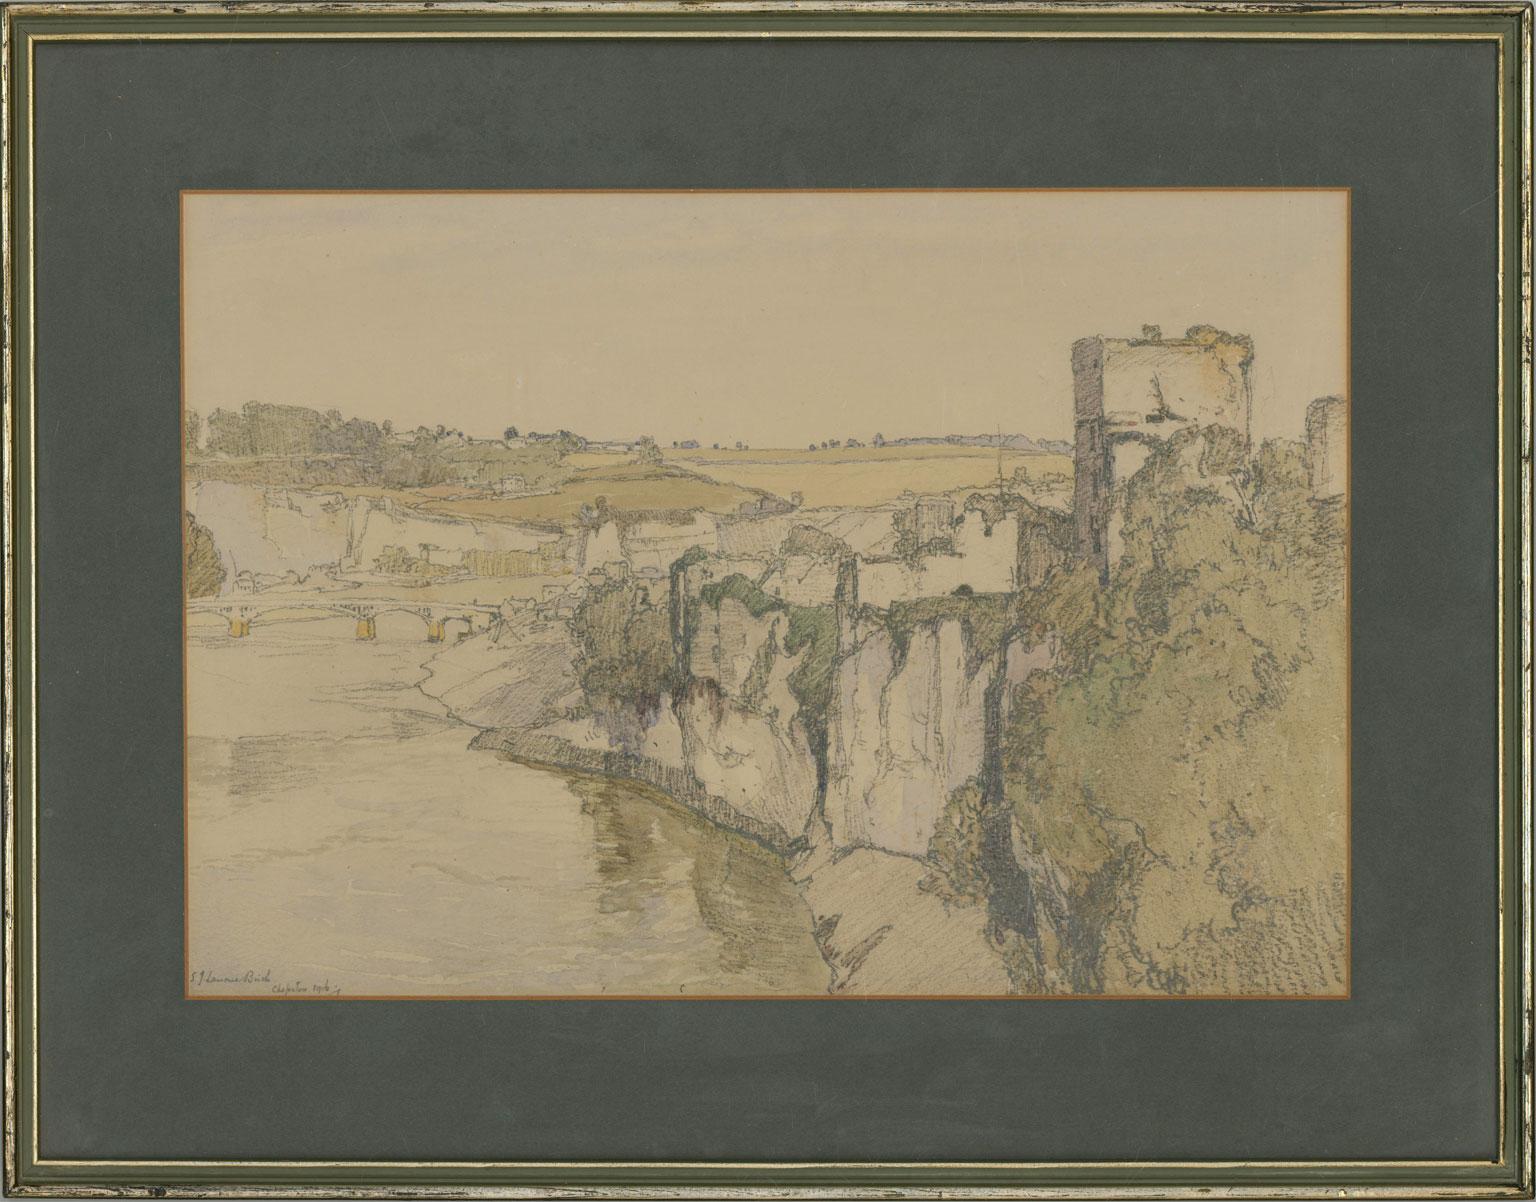 A fine and carefully detailed 1916 watercolour with graphite by the artist Samuel John Lamorna Birch (1869-1955), of Chepstow Castle on the river Wye in Wales. This meticulously detailed content has an angled viewpoint, adding interest to the scene,
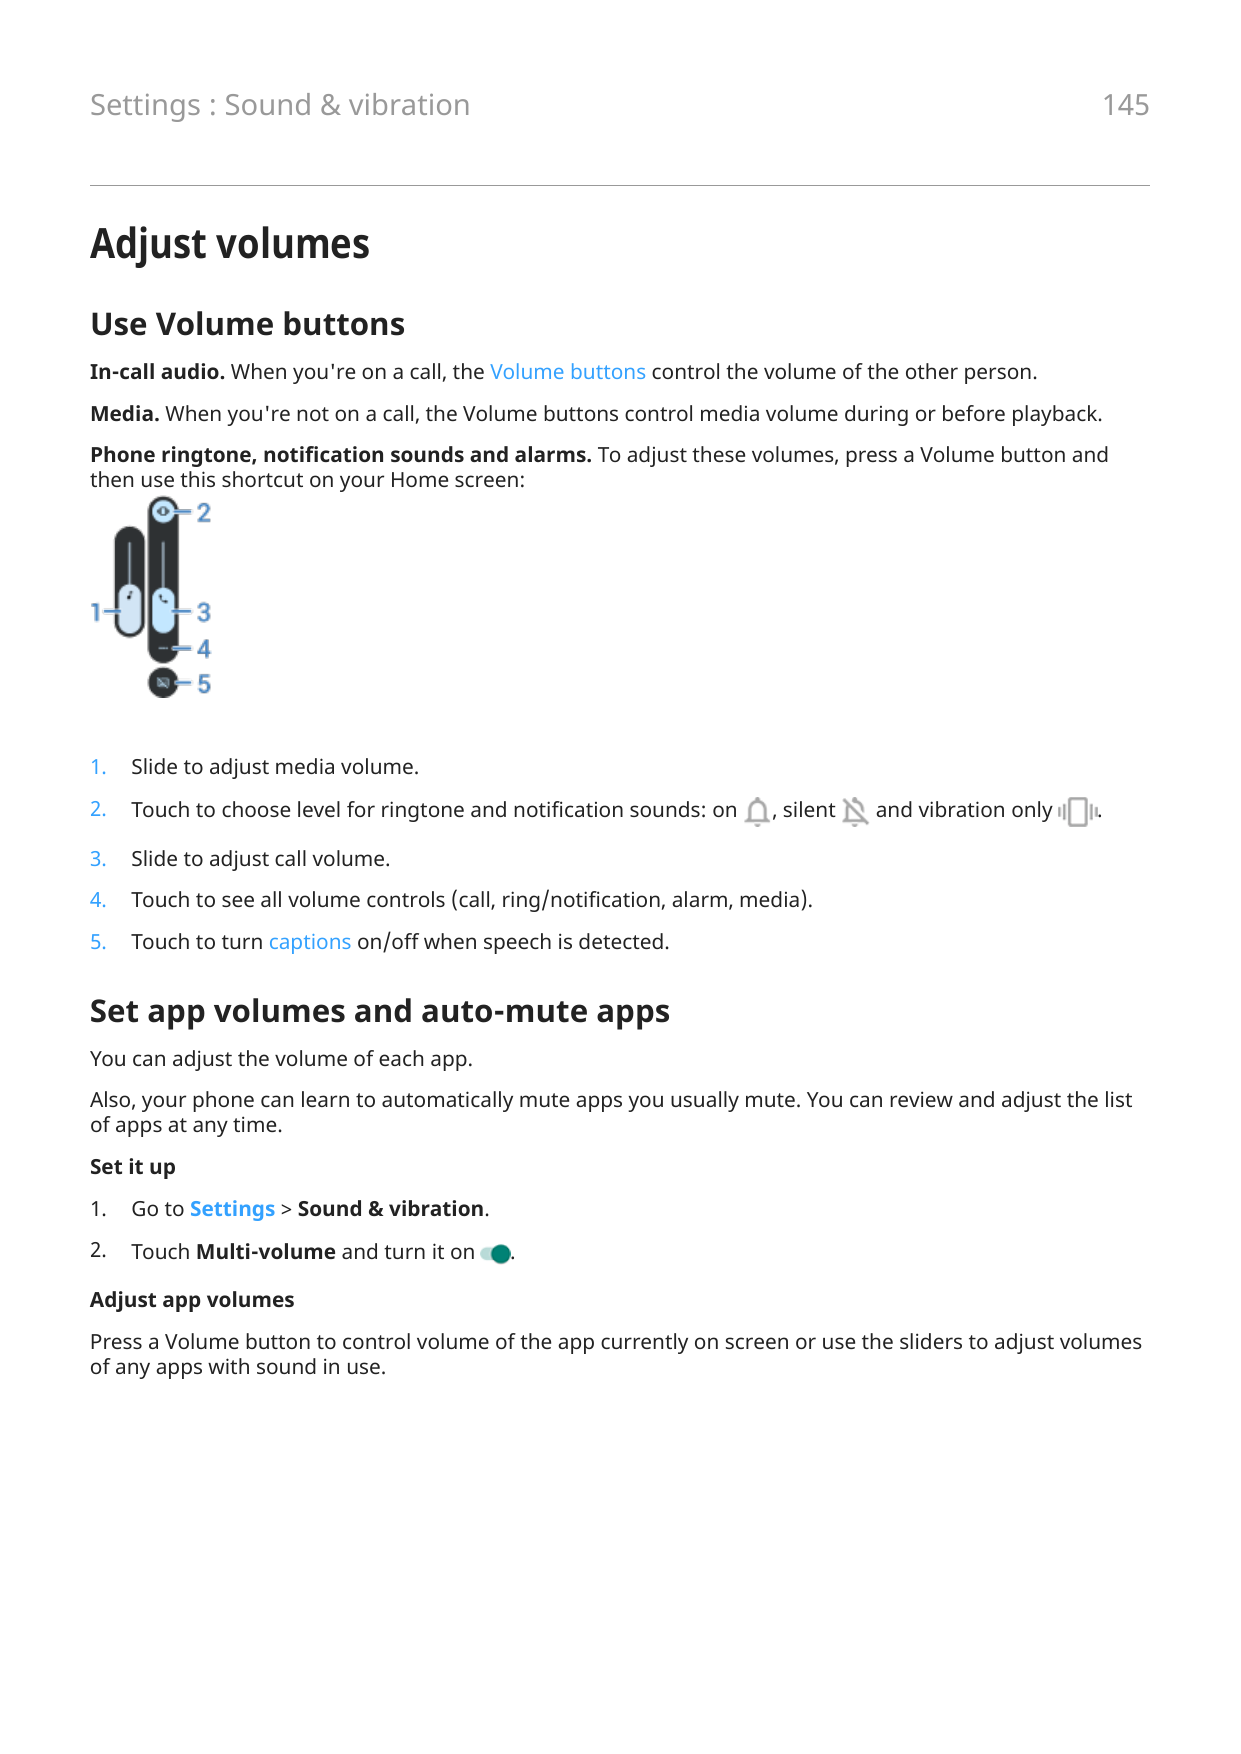 145Settings : Sound & vibrationAdjust volumesUse Volume buttonsIn-call audio. When you're on a call, the Volume buttons control 
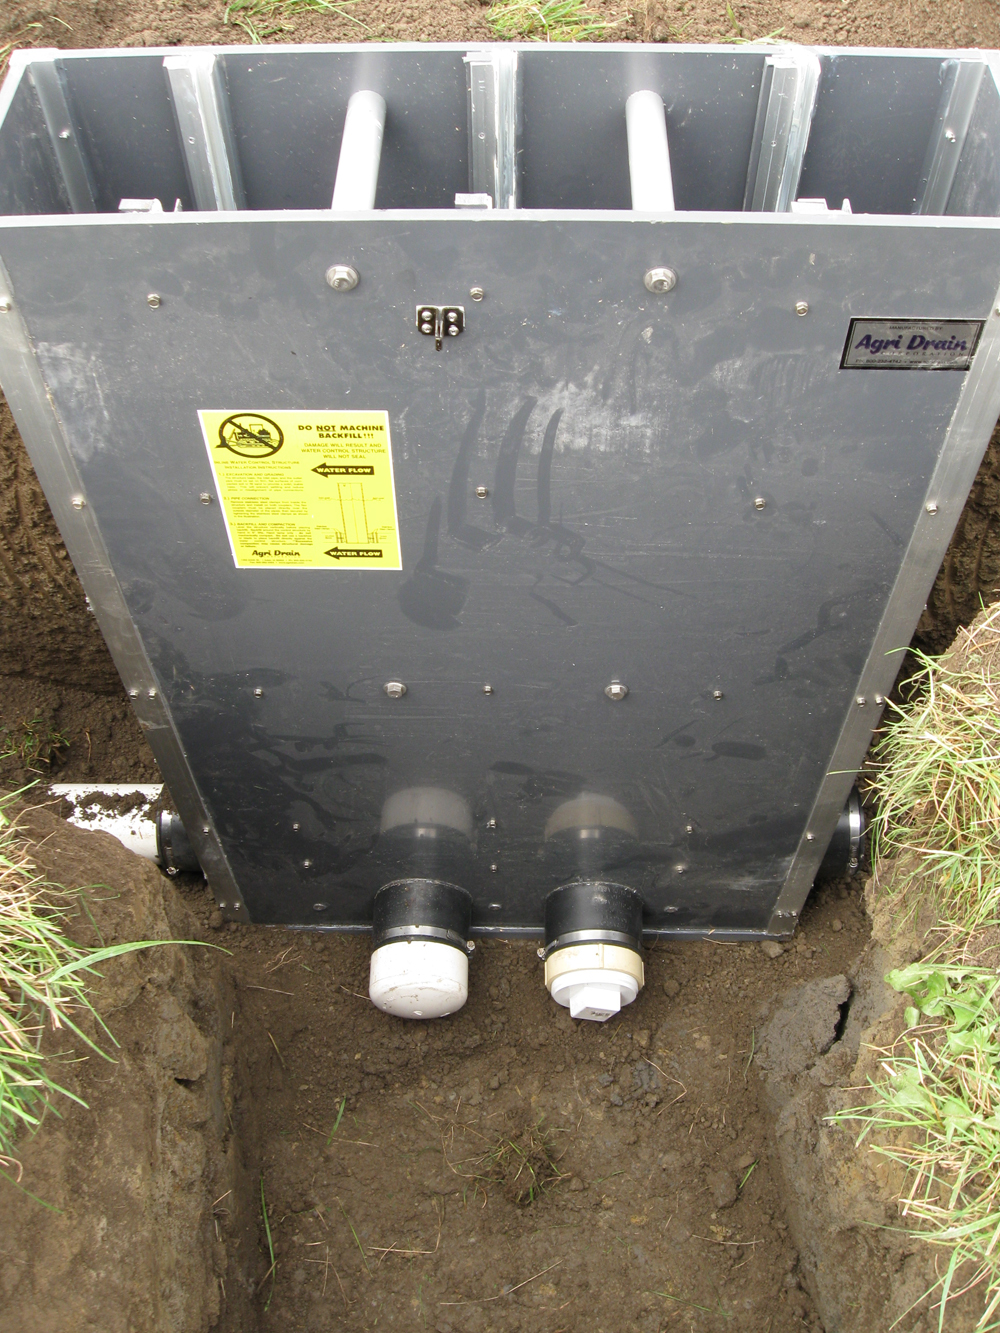 The outlet control structure on a bioreactor in Freevillie, N.Y. (Credit: William Pluer and Larry Geohring)
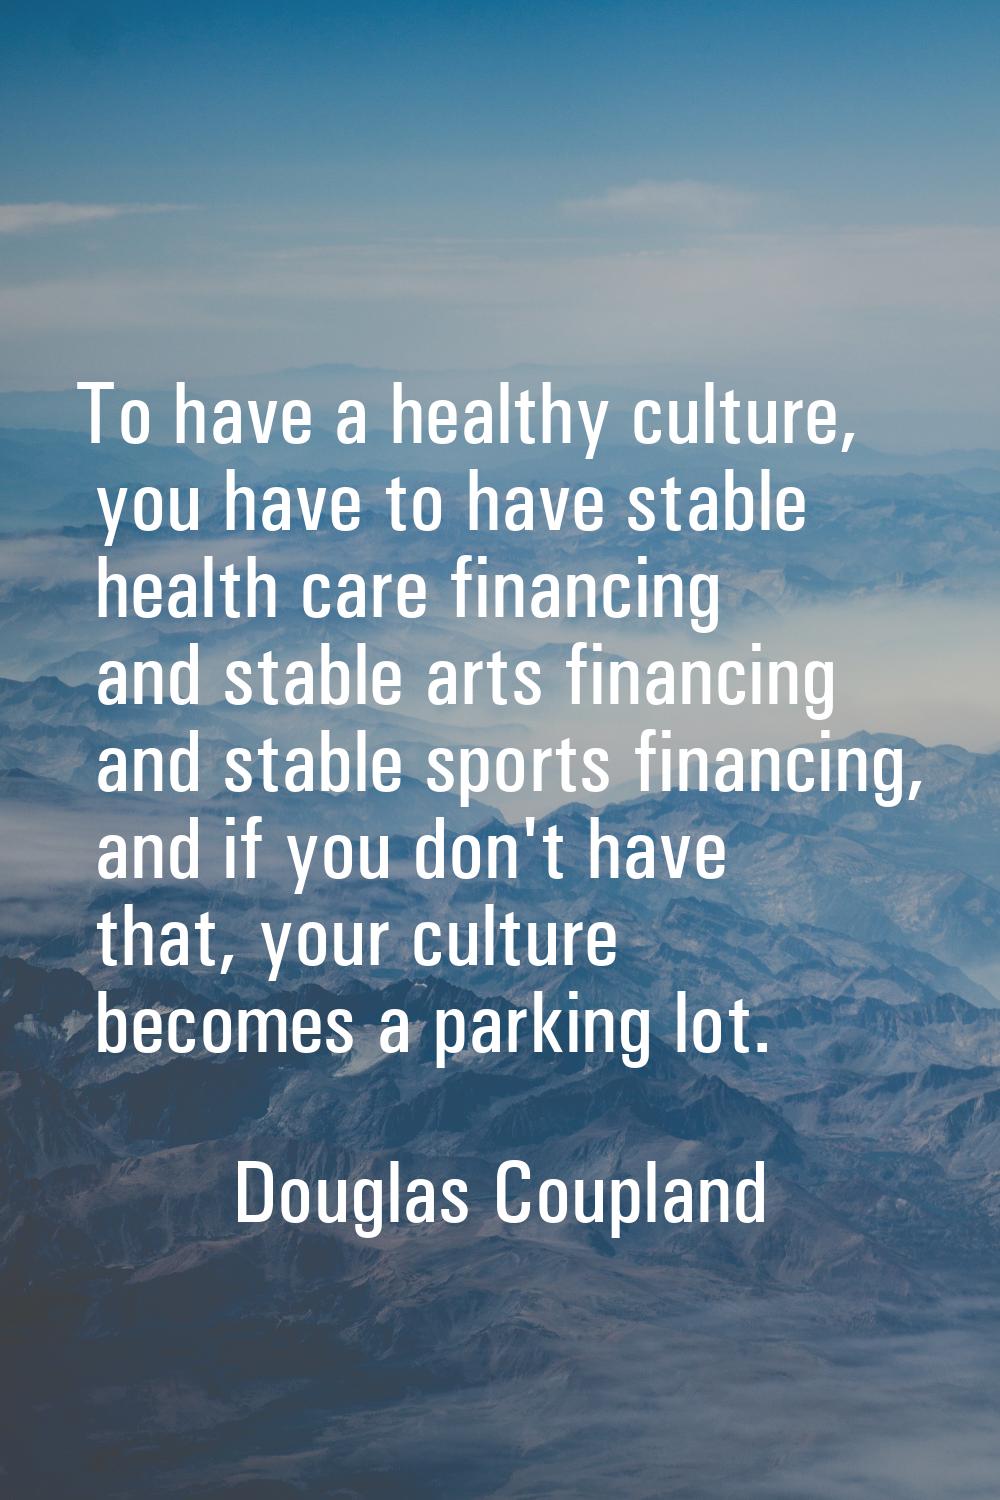 To have a healthy culture, you have to have stable health care financing and stable arts financing
........
» What this task involves:
Omit the pictures, then print the rest of the listing above exactly.

» Task output:
 A fine and carefully detailed 1916 watercolour with graphite by the artist Samuel John Lamorna Birch (1869-1955), of Chepstow Castle on the river Wye in Wales. This meticulously detailed content has an angled viewpoint, adding interest to the scene,
 145Settings : Sound & vibrationAdjust volumesUse Volume buttonsIn-call audio. When you're on a call, the Volume buttons control 
 The outlet control structure on a bioreactor in Freevillie, N.Y. (Credit: William Pluer and Larry Geohring)
 To have a healthy culture, you have to have stable health care financing and stable arts financing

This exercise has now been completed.